Dea madre

Dea madre

Di recente, al Castello Sforzesco di Milano, nella sala adiacente a quella dell’arte egizia, ho visitato la mostra Antenate di Venere.
Tra le splendide statuette femminili preistoriche ho ritrovato quella di Dolnì Vestonice (Moravia), che avevo già osservato e fotografato al Museo di Storia Naturale di Milano.

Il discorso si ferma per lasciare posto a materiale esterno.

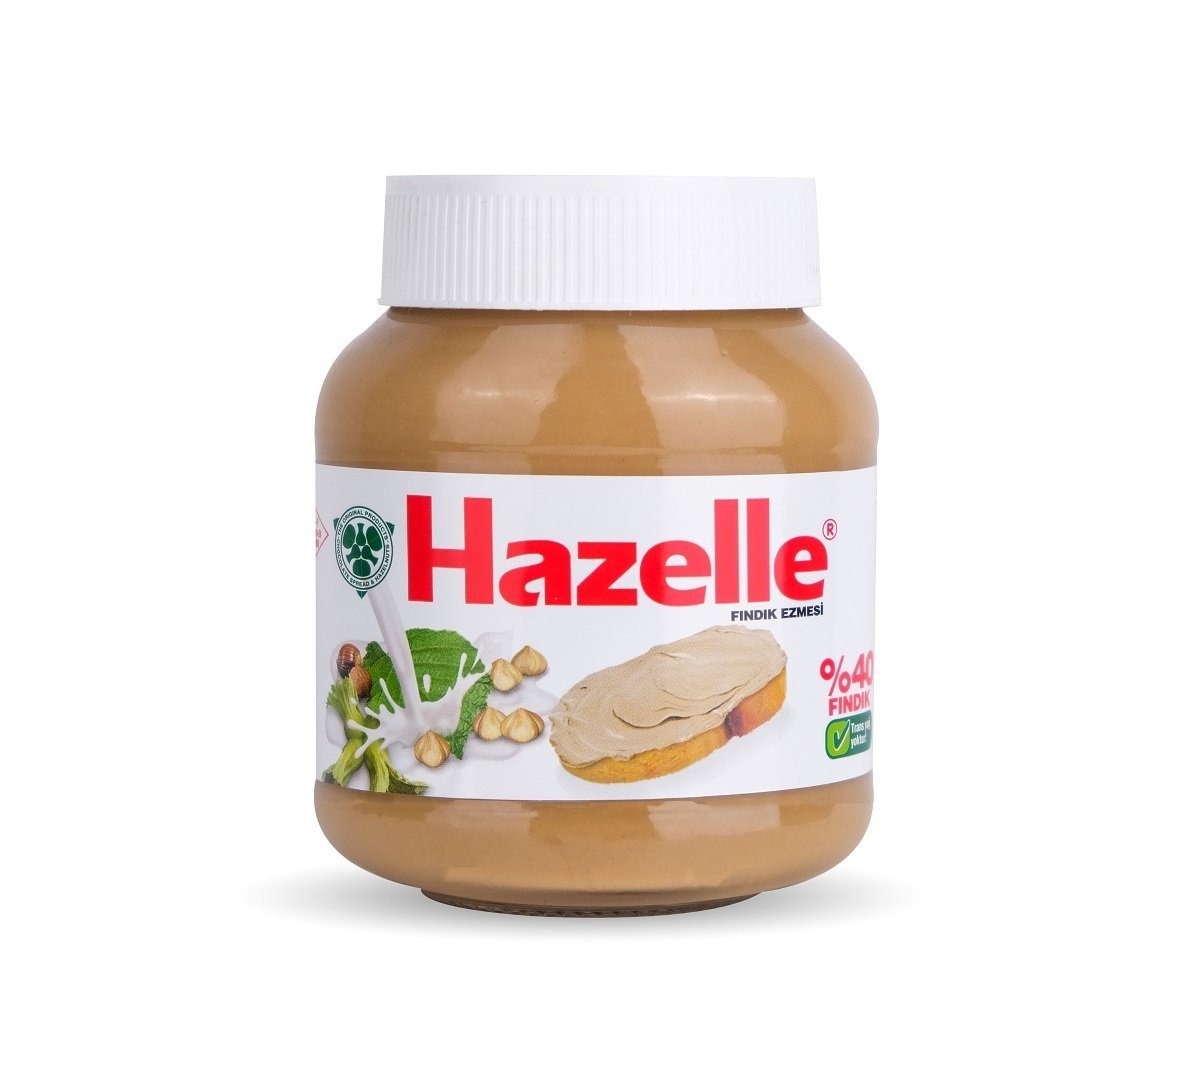 Hazelle Sütlü Fındık Ezmesi 350g (%40 Fındıklı)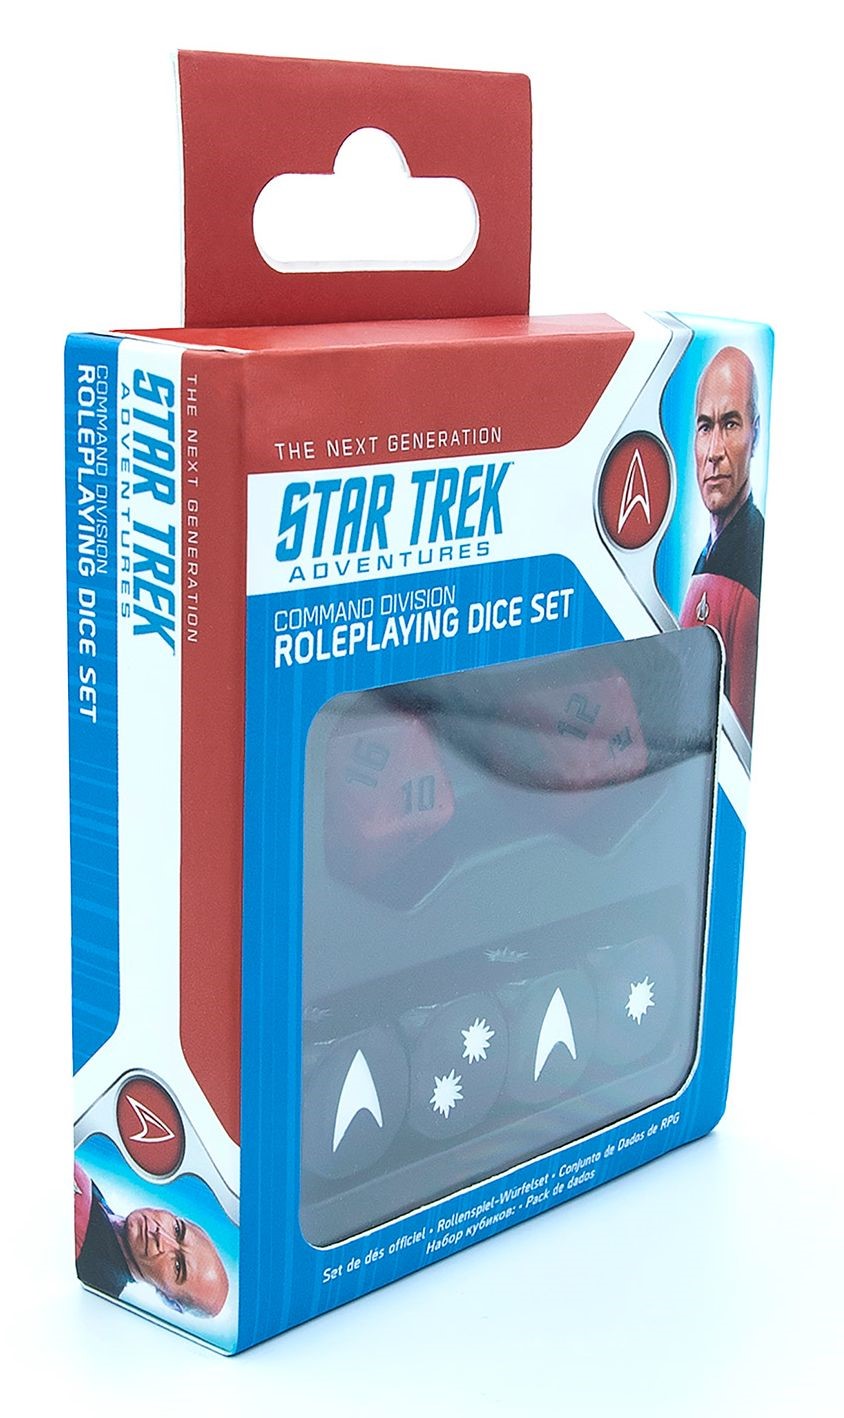 Star Trek Adventures: Dice Set: Command Division Revised

In questi ultimi anni sto approfondendo lo studio dell’arte preistorica, grazie anche al prezioso contributo di Marija Gimbutas (Il linguaggio della Dea oppure Le dee viventi edito dalla Medusa). Leggendo i suoi testi, ho scoperto che fin dal Paleolitico i popoli in Europa e in Asia Minore si rivolgevano alle forze e al ciclo della natura e adoravano molte dee – oppure una sola dea in molte forme – le cui raffigurazioni si caratterizzavano per un simbolismo estremamente complesso. Le forme del corpo esprimevano la potenza sacra, potevano essere stilizzate e incise di simboli o presentare mutazioni animali o enfatizzazioni, concentrandosi sugli organi sessuali, sui seni, sui fianchi, sulle natiche o su vulve prominenti.